» DATA UNDER STUDY
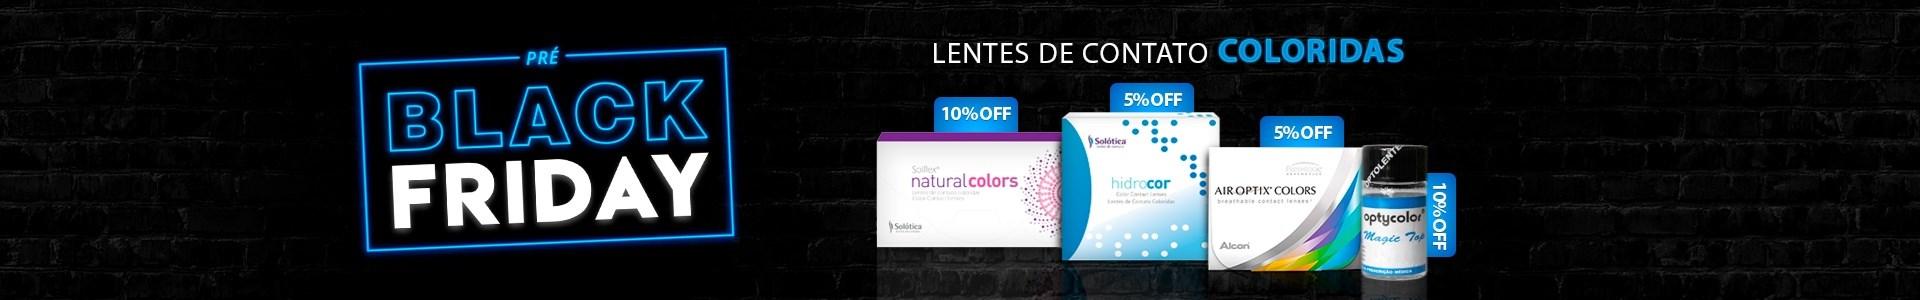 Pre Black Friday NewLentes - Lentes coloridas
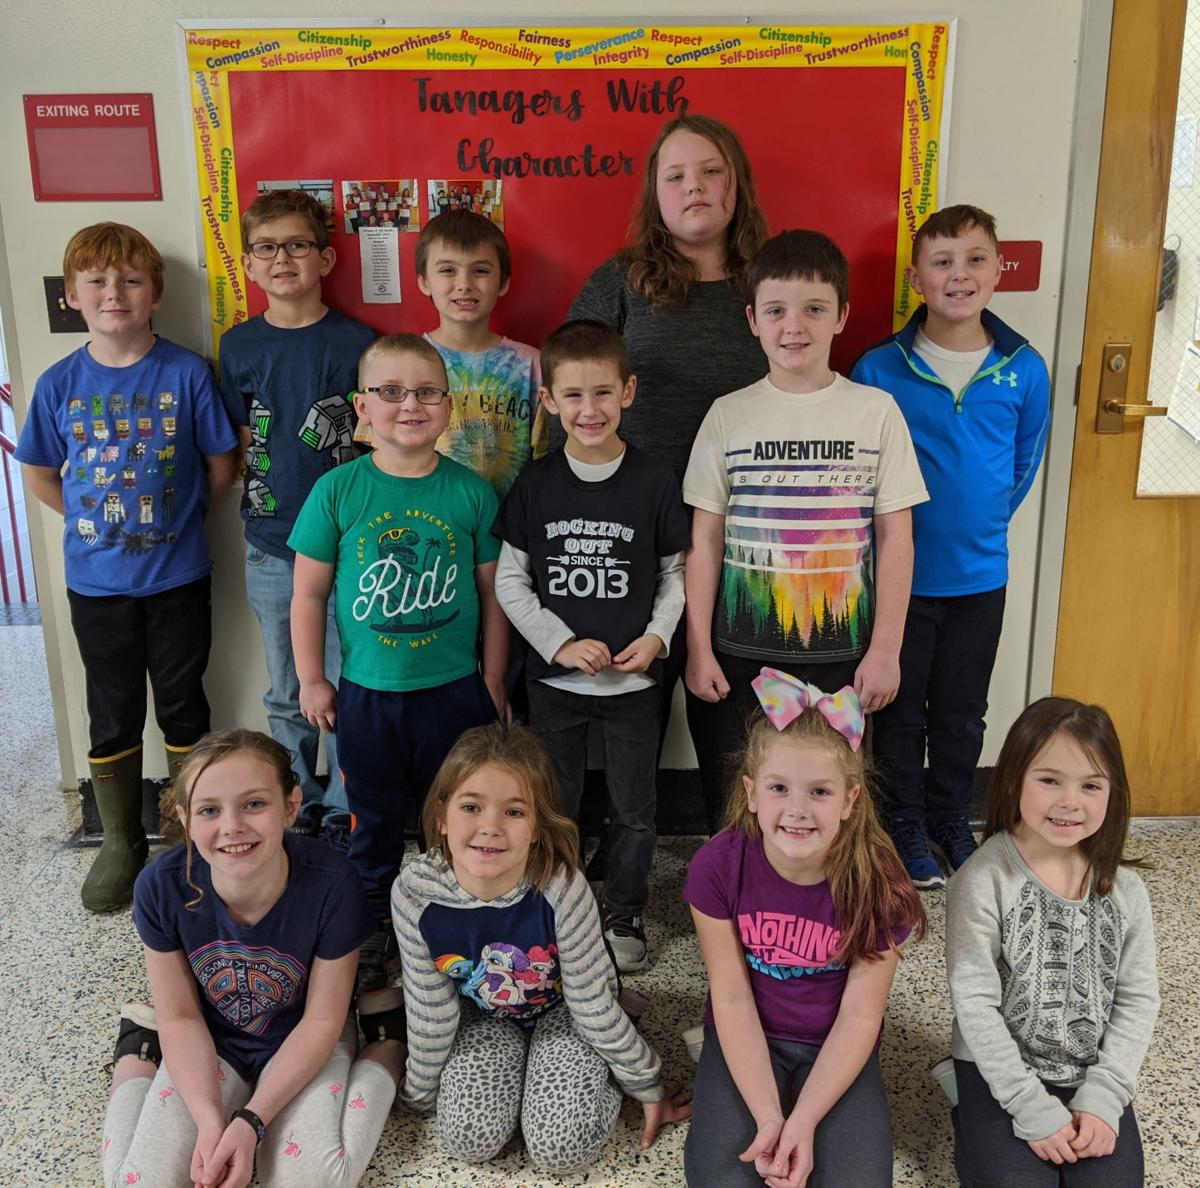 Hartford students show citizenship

--

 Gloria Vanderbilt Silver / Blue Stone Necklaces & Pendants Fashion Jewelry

--

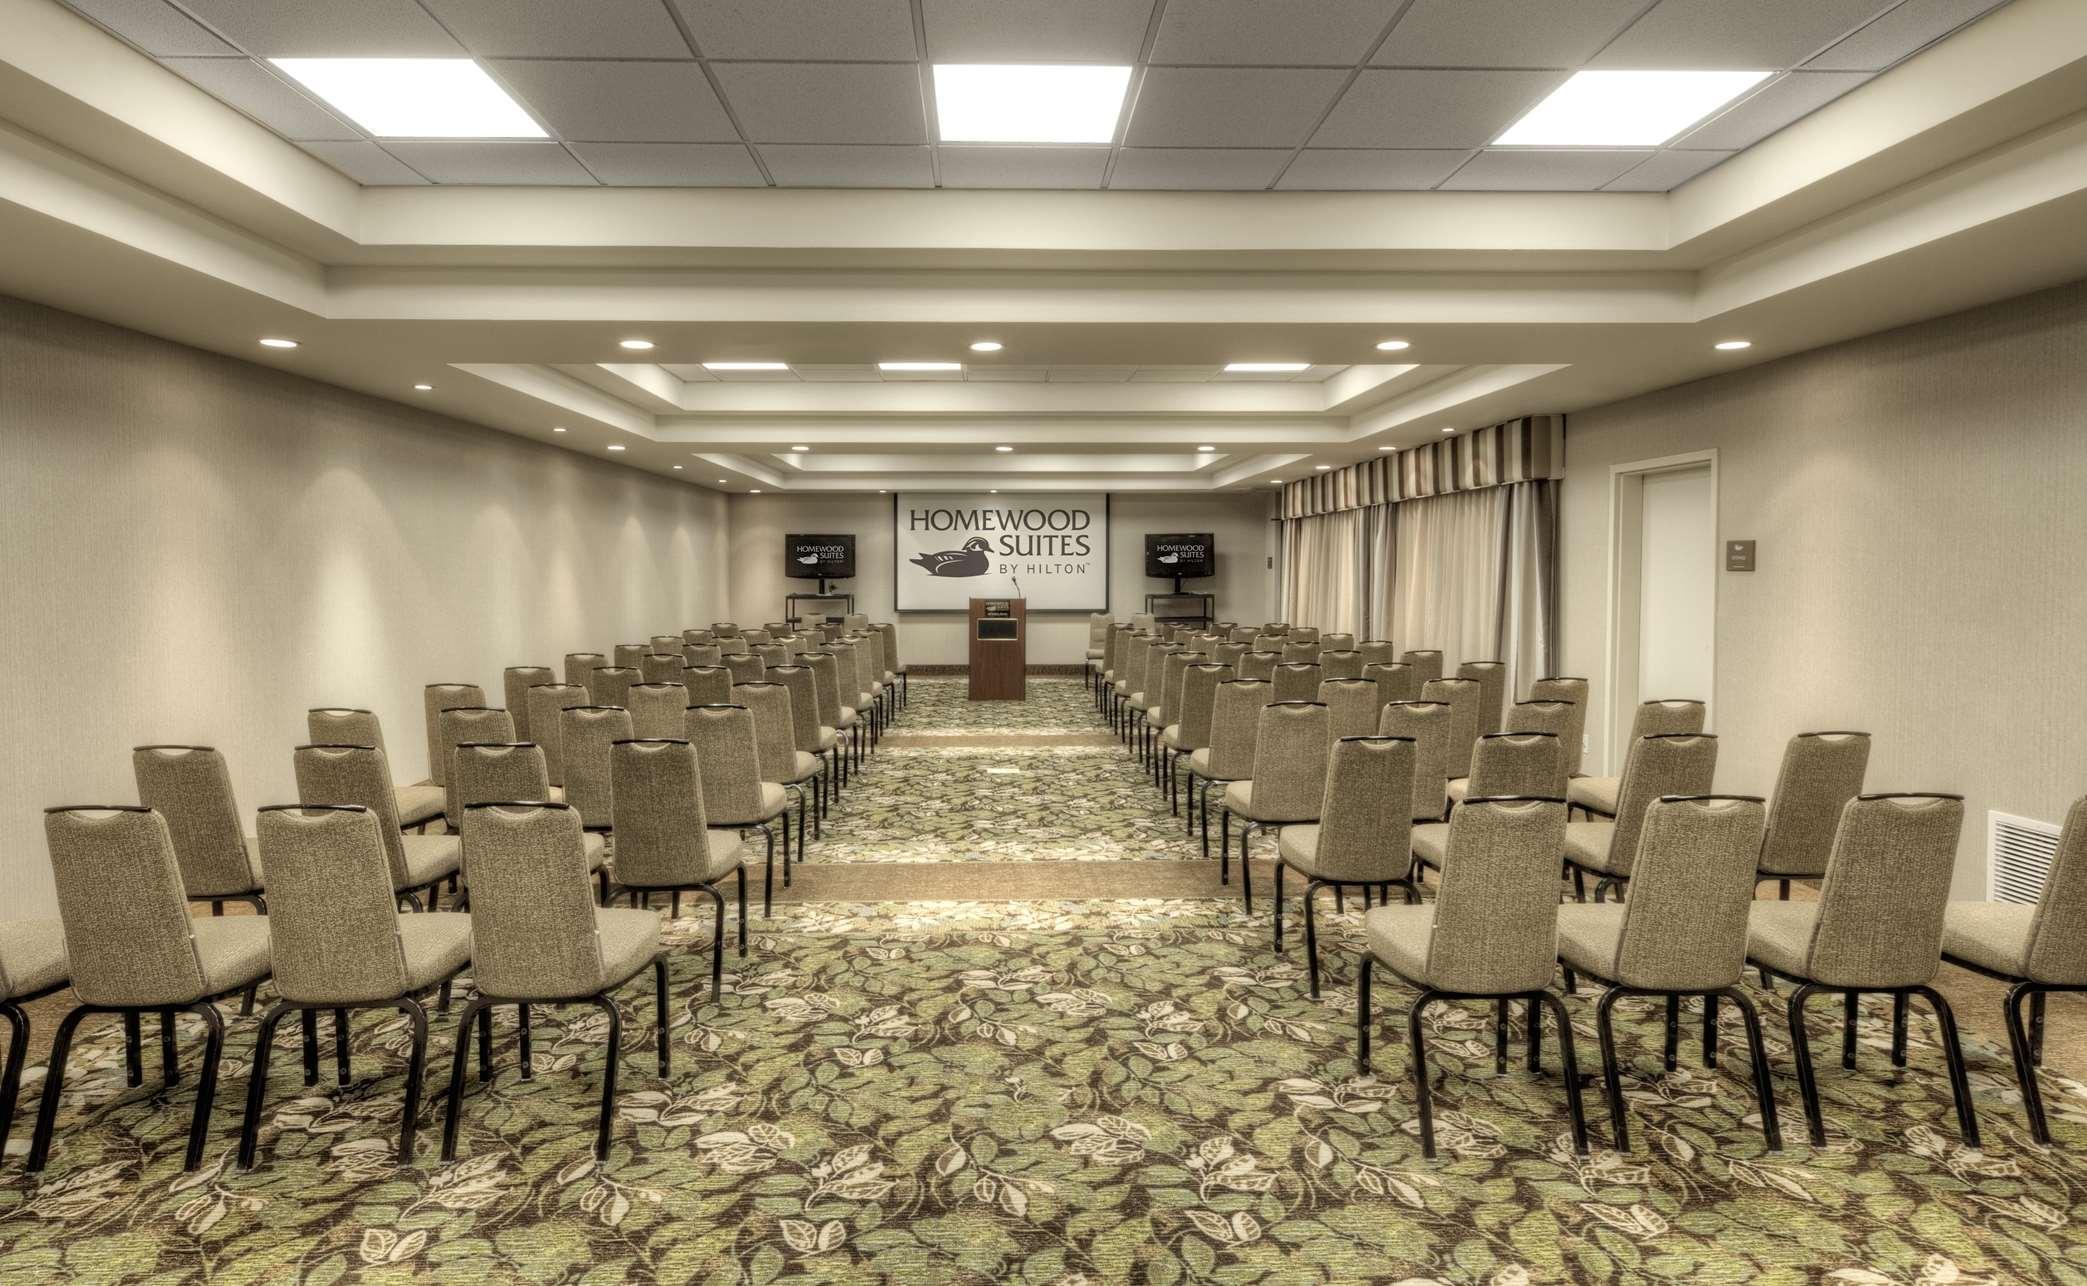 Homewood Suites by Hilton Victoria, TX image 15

» ASSIGNMENT
When you reach the line with "Pre Black Friday" in the records above, begin repeating the lines exactly, and stop after the line with "Hartford students show citizenship". Skip all pictures.

» RESULT BELOW
 Pre Black Friday NewLentes - Lentes coloridas
 Hartford students show citizenship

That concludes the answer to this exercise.